Unfortunately, the boy’s knowledge of the runes appears to have been minimal and he had carved a rune that was making her worse rather than better. As a master of the runes, Egil destroys the rune and inscribes a different runic symbol to counteract the ill effects of the original rune.
Other episodes in the Norse sagas tell of victory runes carved onto weapons, wave runes carved into the sides of ships and oars, birth runes that offer assistance during childbirth, and life runes that can treat wounds and illness.
Runic magic based on earlier Viking runes was still practiced in Iceland from the 1400s to the 1800s. There are texts that record a number of magical staves, known as Galdrastafir.

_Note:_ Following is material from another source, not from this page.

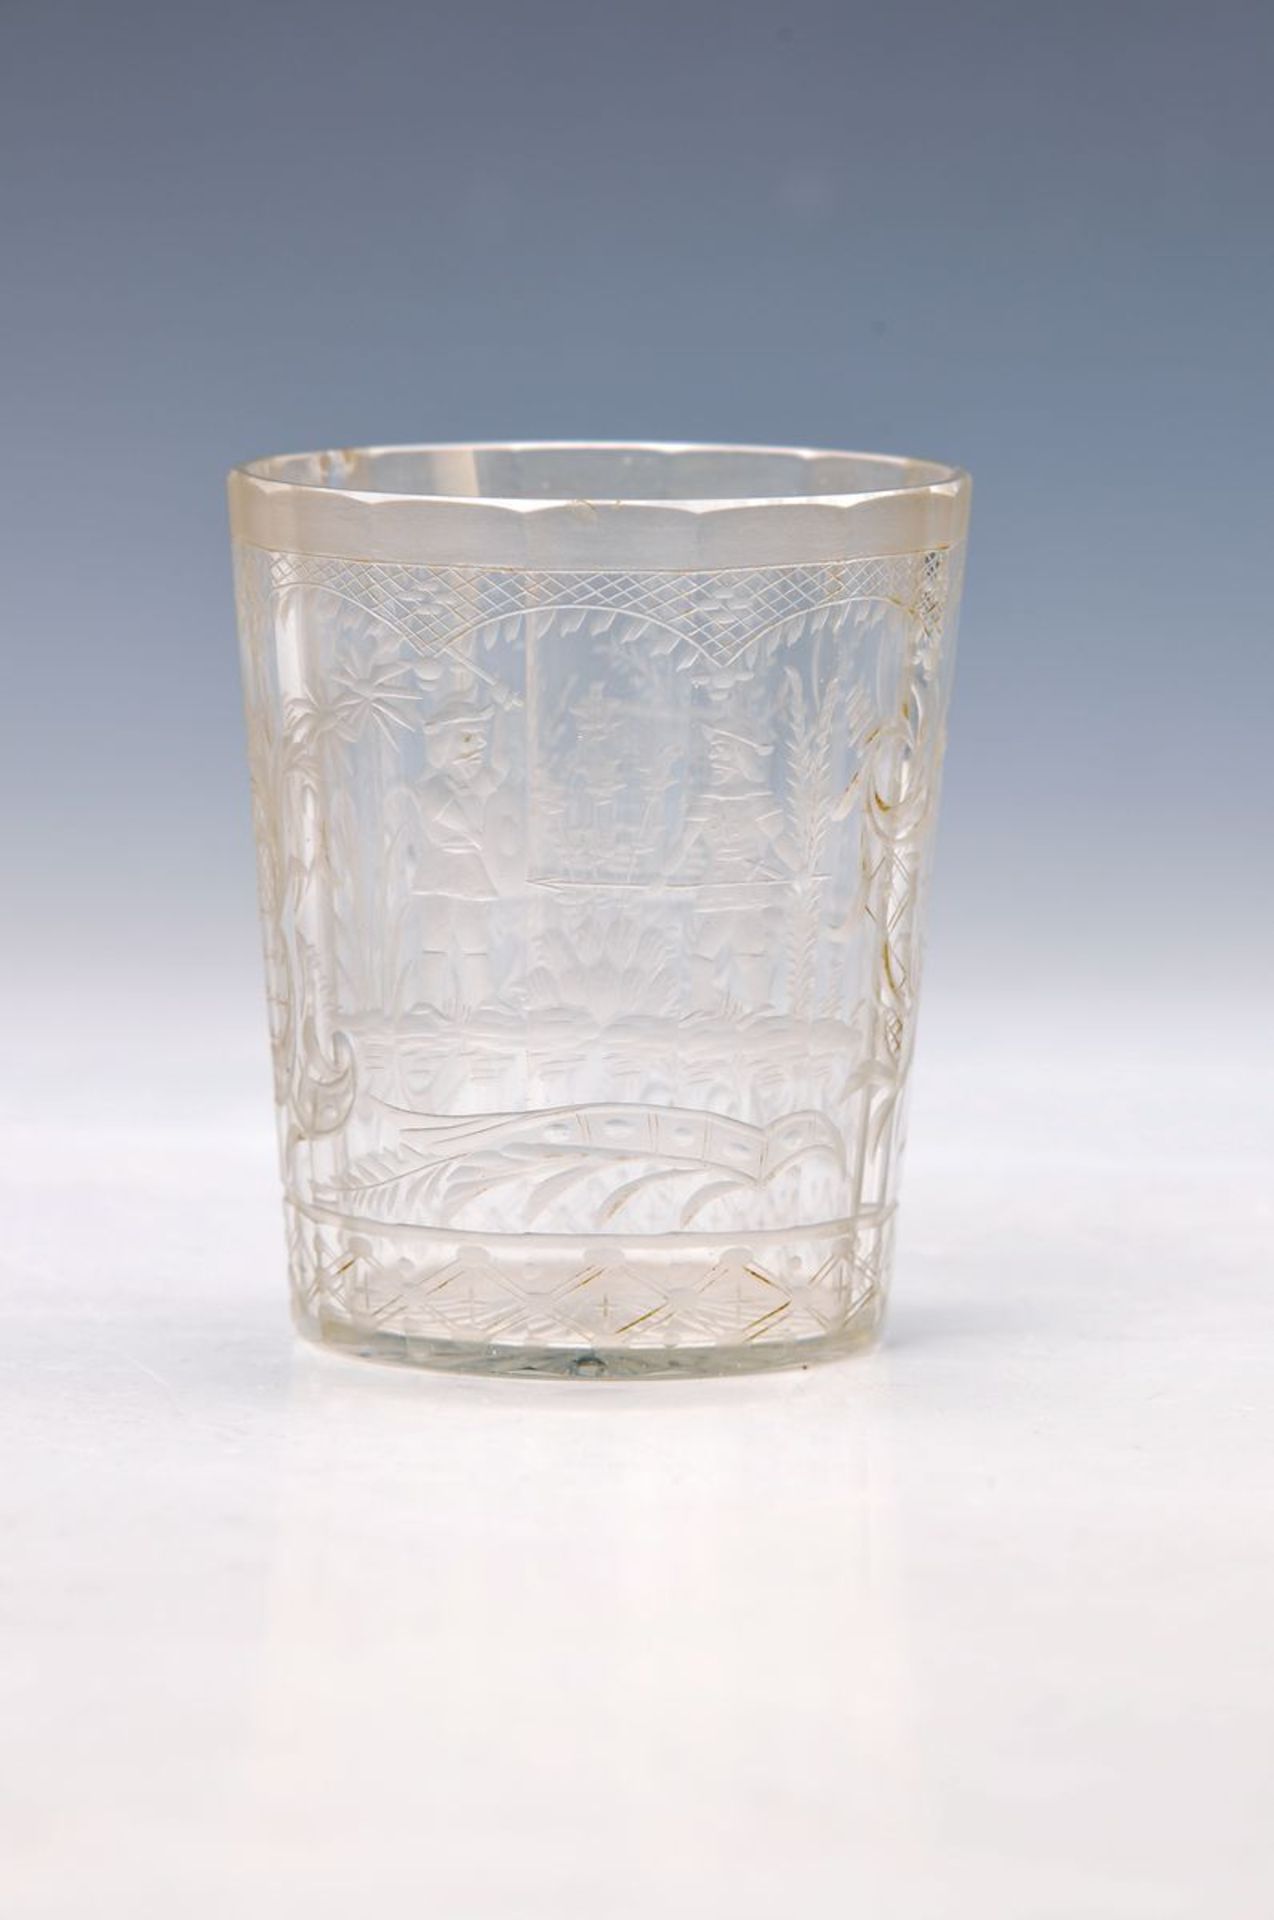 Becherglas, Böhmen, um 1790-1810, farbloses mundgeblasenes Glas, facettiert, umlaufend fein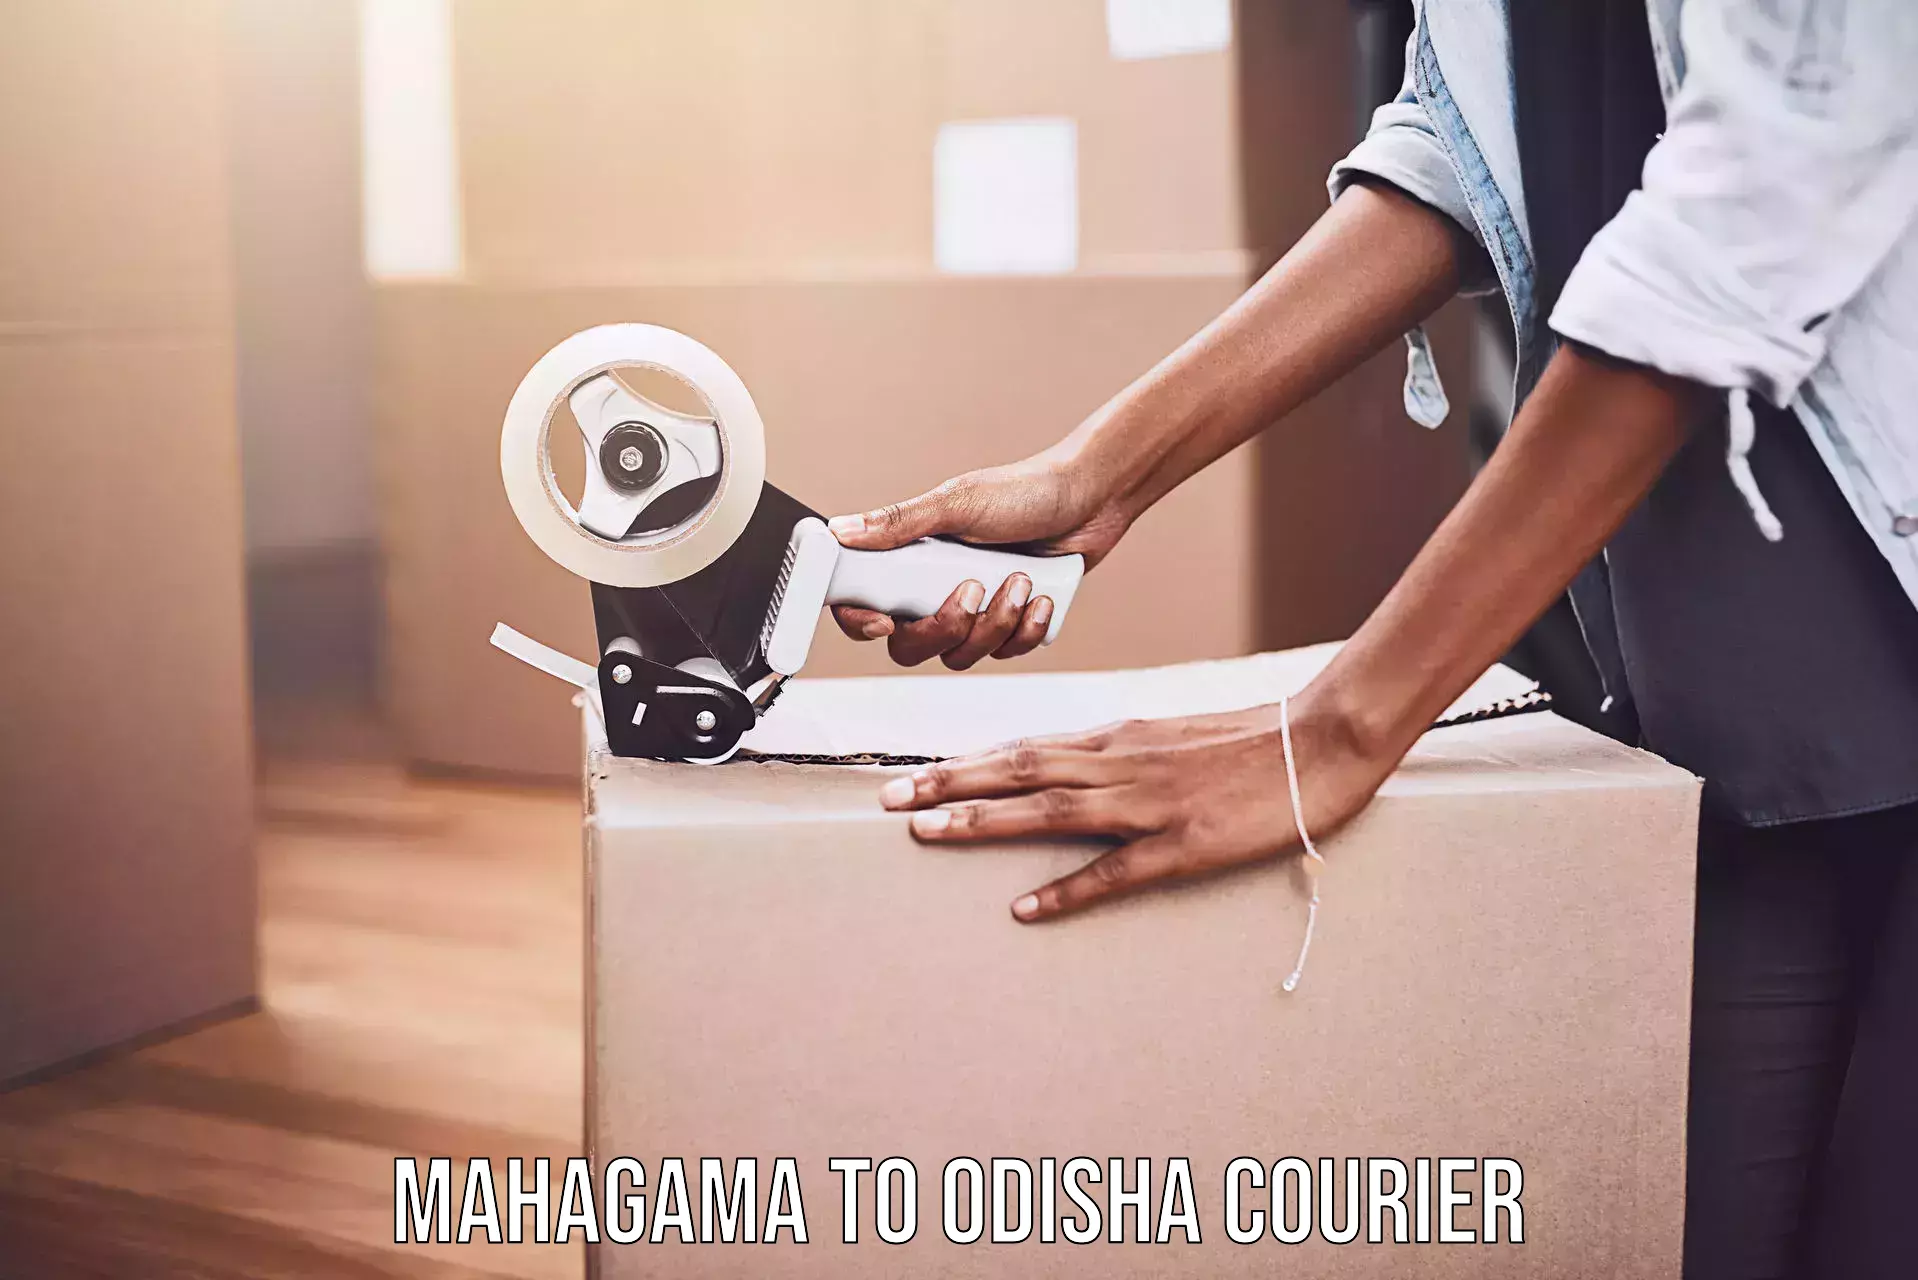 Door-to-door freight service Mahagama to Bonth

These symbols appear to have had a wide range of purposes including killing an enemy’s cattle, promoting fertility, guidance through bad weather and warding off thieves.
Among the most well-known of these symbols were Vegvísir, which was inscribed on ships in order to ensure that they could find their way home. It had a meaning similar to ‘wayfinder’ and was also worn as a talisman of luck and protection.
Another potent symbol was Aegishjalmir, also known as Hel of Awe, which was believed to grant great strength and ensure a warrior’s victory against his enemies. Some Icelandic folktales suggest that warriors would paint this symbol on their forehead before battle.
For the Vikings, the runes were more than just an alphabet, they were a series of potent symbols that could make ideas solid and alter the reality in which they lived. The Vikings believed that words had power, and should be used wisely.